Photo Credit: Cristiana Ferrauti
Outside the Photographers' Gallery
Photo Credit: Cristiana Ferrauti
Silence invade the gallery while visitors pass by the more than 250 original photos of injustices, violations of human rights, and discriminatory acts.

The Photographers’Gallery, near Oxford Circus, presents the exhibition Human Rights Human Wrongs from the 6th of February until the 6th of April.
Pictures by photojournalists around the world, over the worst wars that marked our century, hang to the walls of two floors.

A board with Human Rights’ articles welcome the visitors at each level.
Further material – timelines and original videos – are available to consult in side rooms.
Among the pictures, there are also some portraits of Nobel Prize winners.

Article Six of the Universal Declaration of Human Rights is the starting point of the exhibition, as the curator, Mark Sealy, said in an interview for the Photographers’ Gallery.
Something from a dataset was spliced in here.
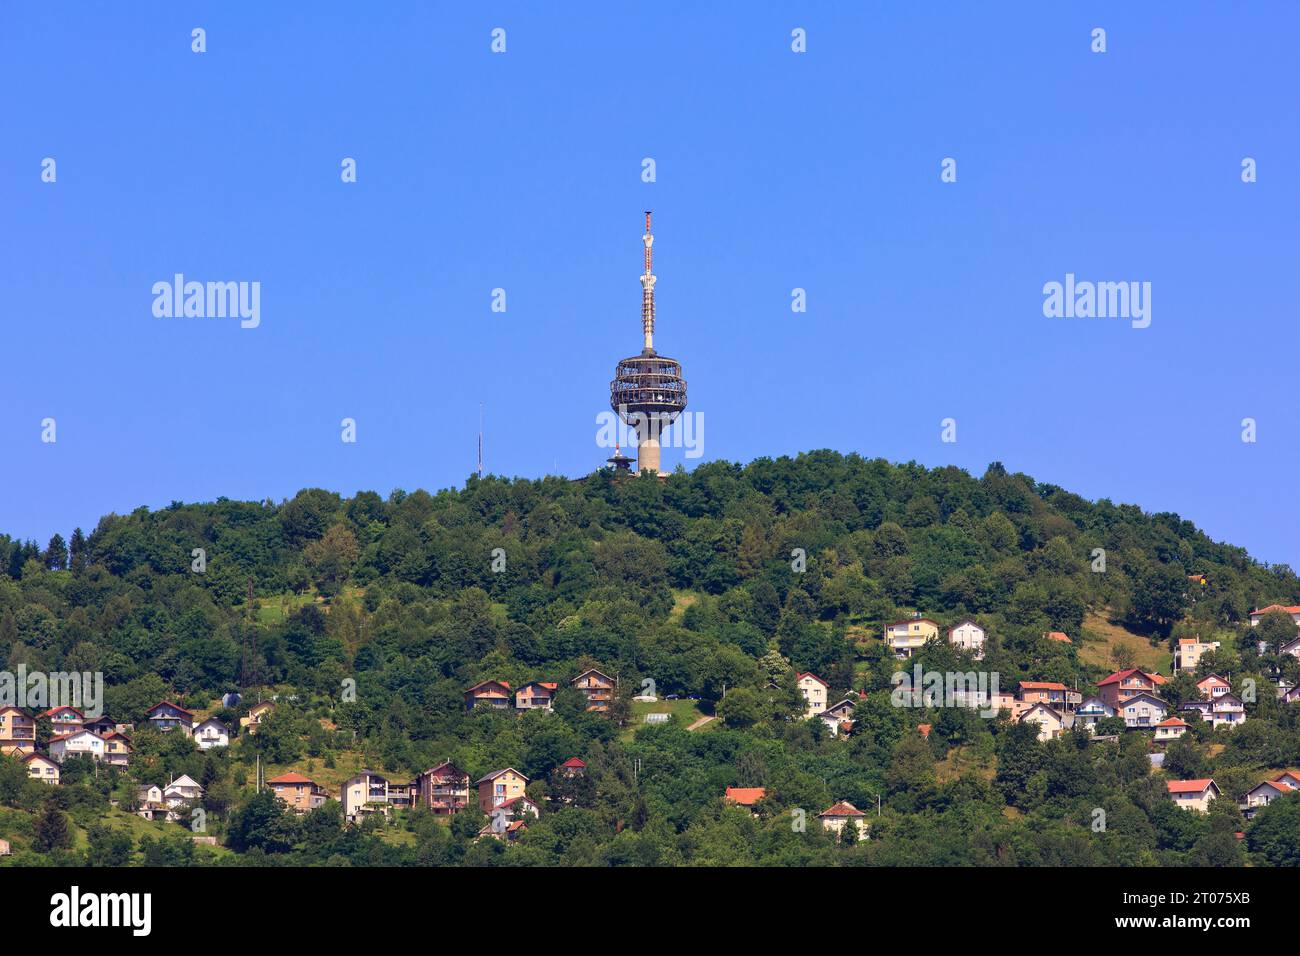 La Hum Tower, una torre di telecomunicazione alta 78,5 m (258 piedi) situata sul Monte Hum alla periferia di Sarajevo, Bosnia ed Erzegovina Foto Stock

The article reads: “Everyone has the right to recognition everywhere as a person before the law.”
The sentence is also written up the wall at the second floor, rimmed in gold against a purple background.
In other words: equal rights, even in trials for everyone.
Photo Credit: Cristiana Ferrauti


Two are the focuses, bound together, of the gallery.

Firstly, the subjects.
Children crying, old people lying on the pavement, black men held by the police force, are at the centre of the photographer’ lenses. The protagonists may be the victims as well as the invading soldiers.
What make these pictures different is the attempt to get rid of the stereotypes: the black may not be begging, as the white is not always the charitable saviour.

The labels down the frames report the photographer’s name, with a bit of his bio – in the rare case this is available –, and possible notes found on the reverse of the print.

Photo Credit: Cristiana Ferrauti
Secondly, the photographs.
The event brings to the viewers’ attention the chain that connect all the events depicted: human injustice and contempt, privations, sufferings caused by rights violation.

Images are powerful: they may touch the audience in a more sensitive way than other media. In this case, the pictures display scenes we would hardly find in history books.
They are the magazines’ covers, illustrations for newspapers’ reports, therefore they are what ordinary people saw regarding those conflicts.

Mark Sealy gave a presentation at Human Rights HumanWrongs at Ryerson Image Centre (Canada in 2013). In that occasion, he said, “So much of the world, in terms of how we understand it, and specifically in terms of the imagery we are presented with, is conceived from a very particular tradition of Eurocentric concerns.”

The products of photo reporters are subject also to implicit terms of where and when the publication is due.

The process of “recognition” is not straight. Injustice should be first recognised, secondly eradicate. Images partially determine this process.
The impact of this collection was so intense, that the visitors, though in a large number, were very silent when I came in.